Bessen says it can be especially beneficial to focus on adding more plant-based foods to your diet since they are naturally high in fiber. Besides fiber, you’ll be getting a wide range of other nutrients found in plant-based foods too.
Thinking about what fiber-rich foods you can easily add to your meals is another way to up your fiber intake. For example, Faycurry says this can look like mixing frozen vegetables into spaghetti sauce, adding berries on top of your yogurt, or adding veggies into an egg breakfast.
Related: These 10 Foods Have More Fiber Than a Bowl of Oatmeal
How Your Body Will Change When You Start Eating More Fiber-Rich Foods
When you do increase your fiber intake, there are other changes you can expect to experience besides weight loss. “Individuals who increase their fiber intake often see improvements in blood sugar control and energy levels,” Faycurry says. She adds that high-fiber meals and snacks can help prevent blood sugar spikes and crashes, which improves insulin sensitivity. “This is particularly important for people with type 2 diabetes,” she says.
All three dietitians say that upping your fiber intake supports digestive health, but it’s important to up your intake slowly. Otherwise, your digestive system will get overloaded and you may experience some unpleasant symptoms, like gas and bloating. “Fiber intake can be increased by four to five grams per week until the desired amount is reached,” Faycurry says. Newgent says it’s also important to drink plenty of water as you up your fiber intake, which helps keep food moving through the digestive system and prevents constipation. “Consider getting one cup of water for every three grams of fiber,” she recommends.

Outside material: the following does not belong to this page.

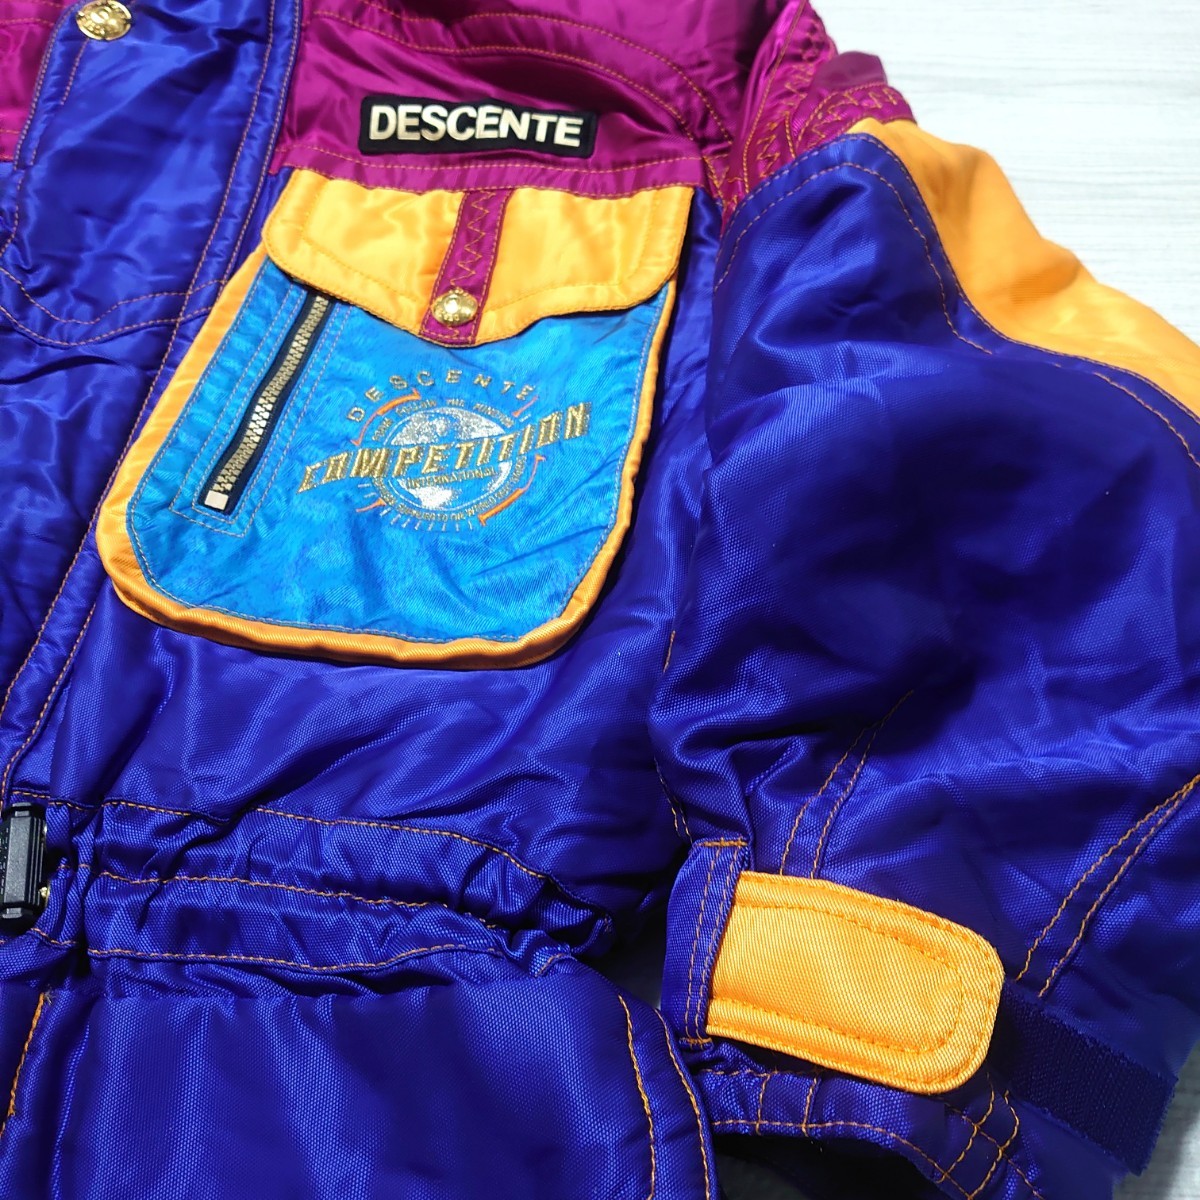 DESCENTE Descente men's ski wear setup jacket pants k Lazy purple embroidery retro that time thing Vintage tp-23x1125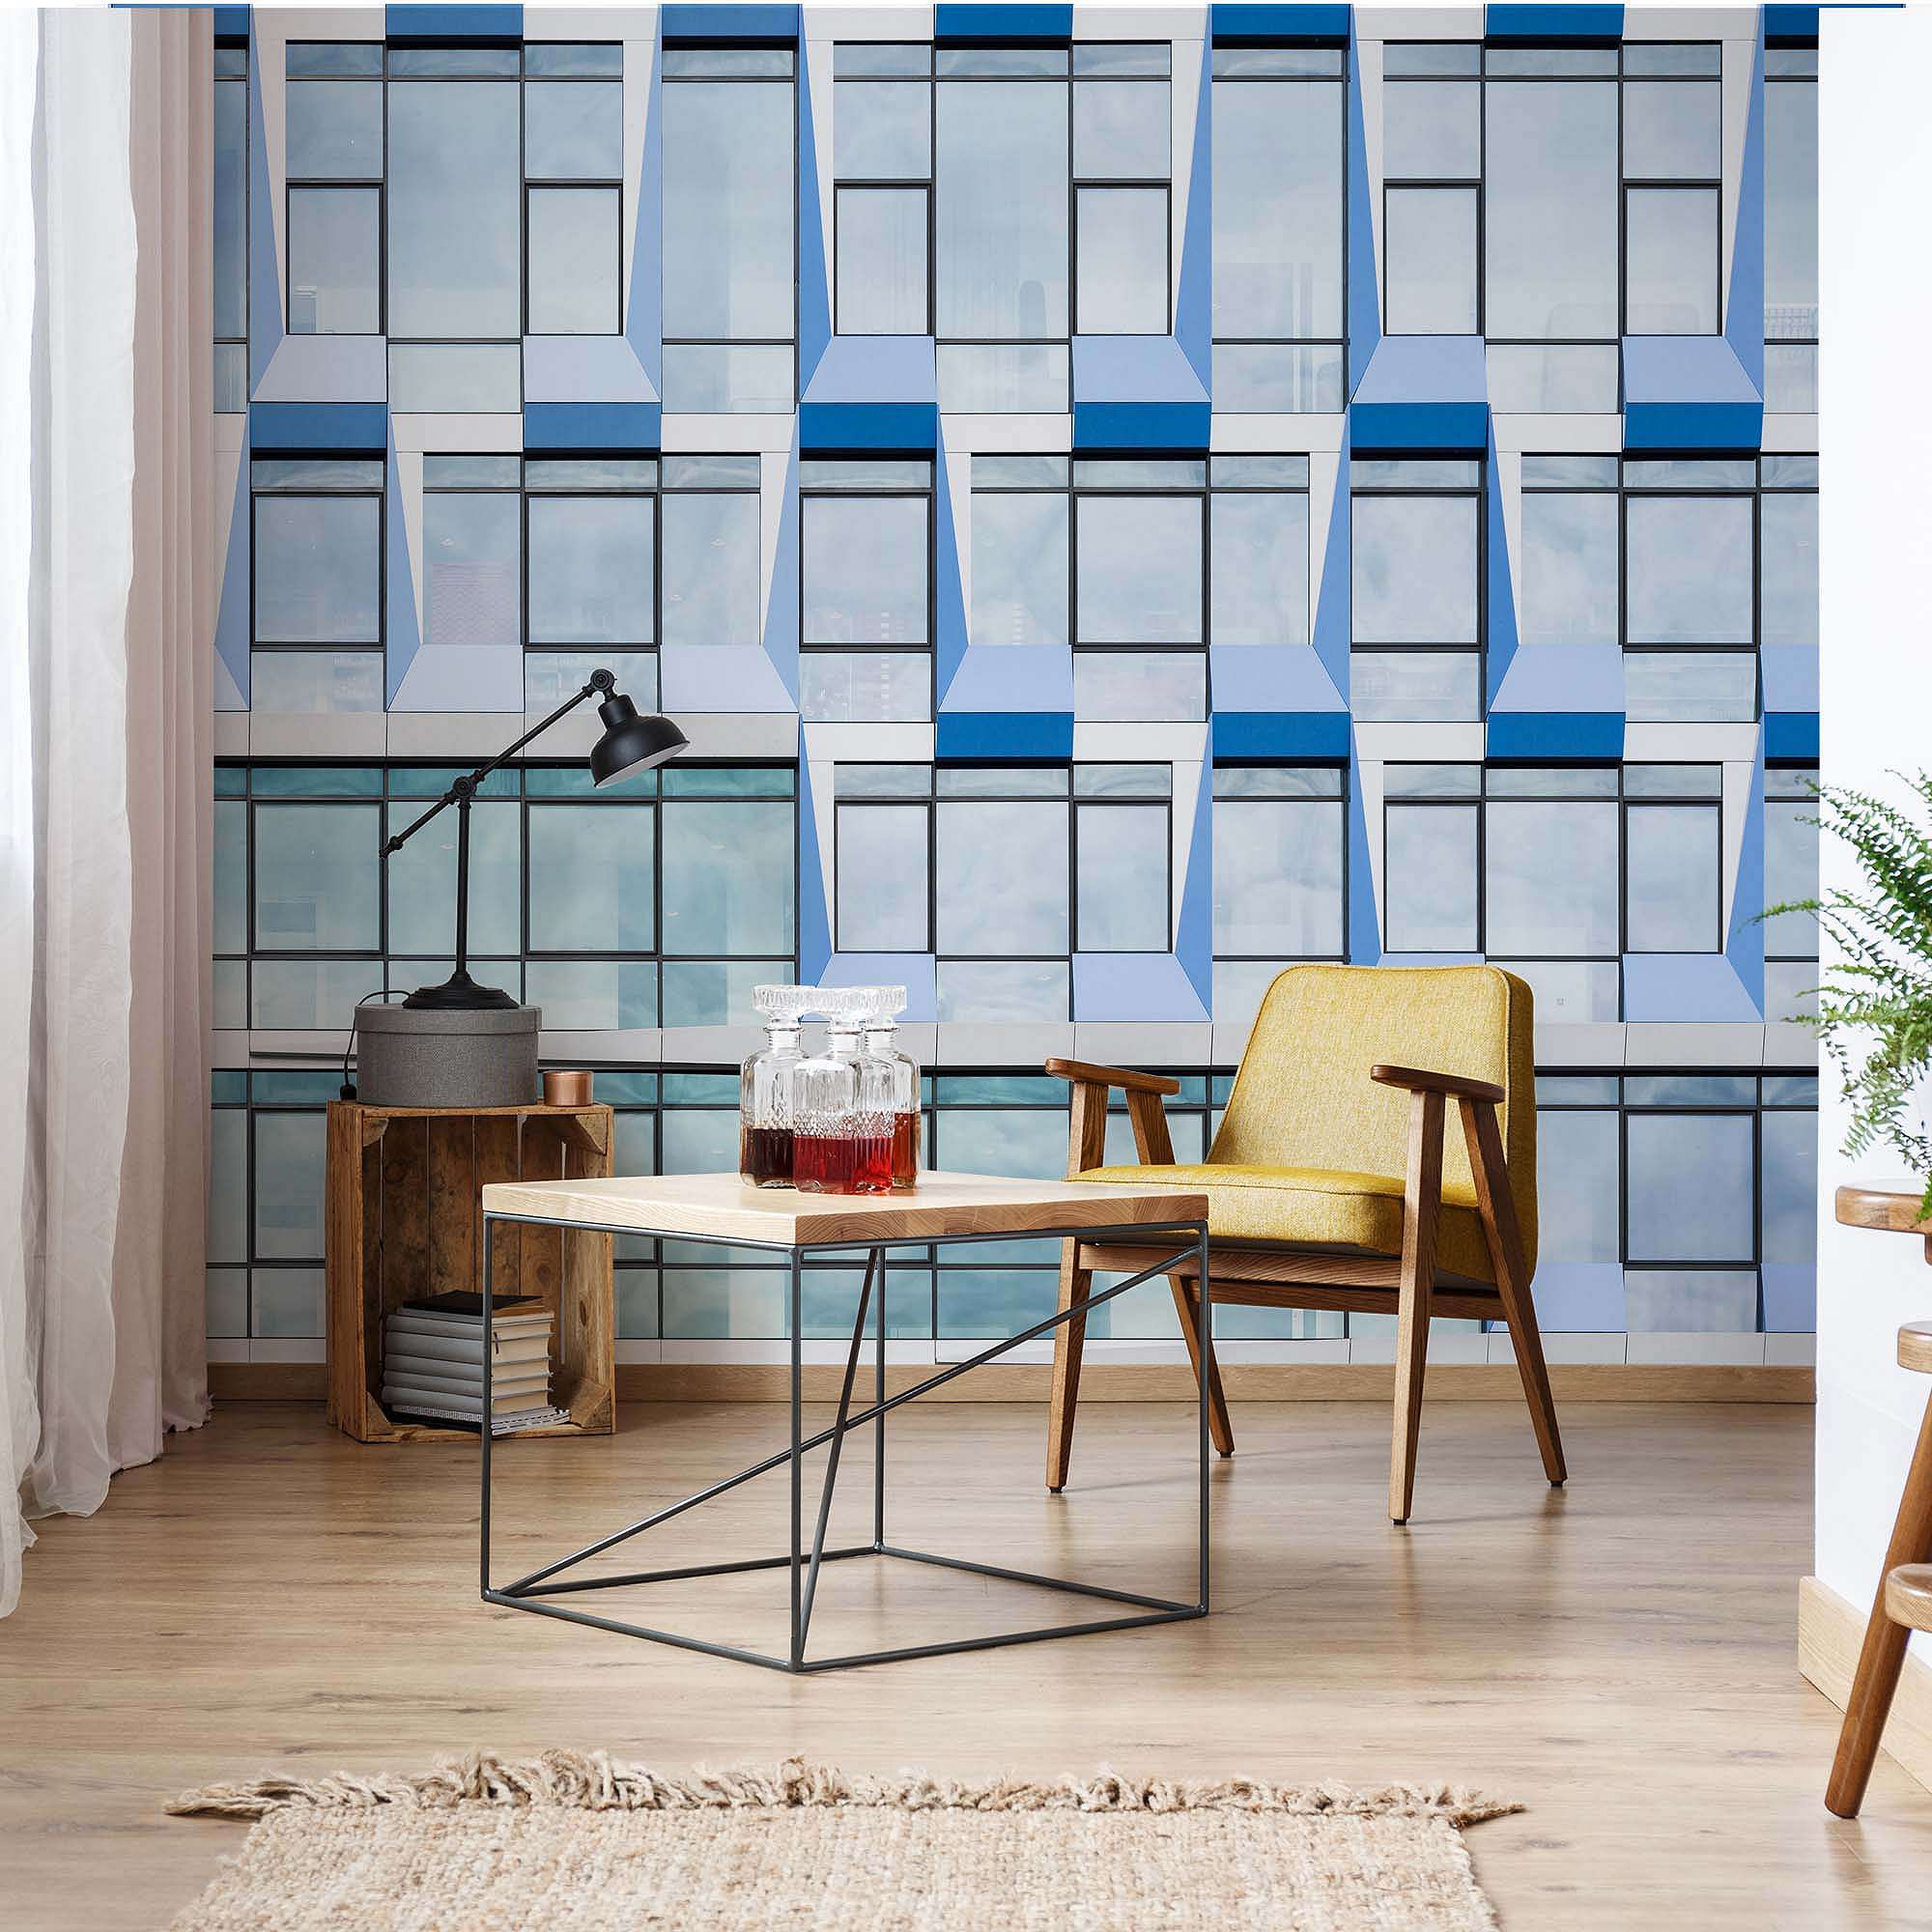 Fali poszter kék ablakokkal minimalista stílusban

Once you do up your intake and your digestive system adjusts, your gut health will thrive. “Fiber supports gut health by feeding beneficial bacteria. Recent research suggests that if these good bacteria are not properly nourished, they may start to consume the lining of our intestines, leading to a condition known as ‘leaky gut,’” Faycurry says, emphasizing that eating fiber-rich foods is a way to prevent this.
“I have found an increase in fiber to be the only dietary change many people need in order to accomplish their health goals, including weight loss, blood sugar regulation, lowering of serum lipids, colon cancer prevention and gut health improvements,” Bessen says. That’s major!
As you can see, assisting with weight loss goals is certainly not the only benefit of eating more fiber-rich foods. Up your intake and your entire body will benefit. And unlike when following a restrictive diet, you certainly won’t go hungry.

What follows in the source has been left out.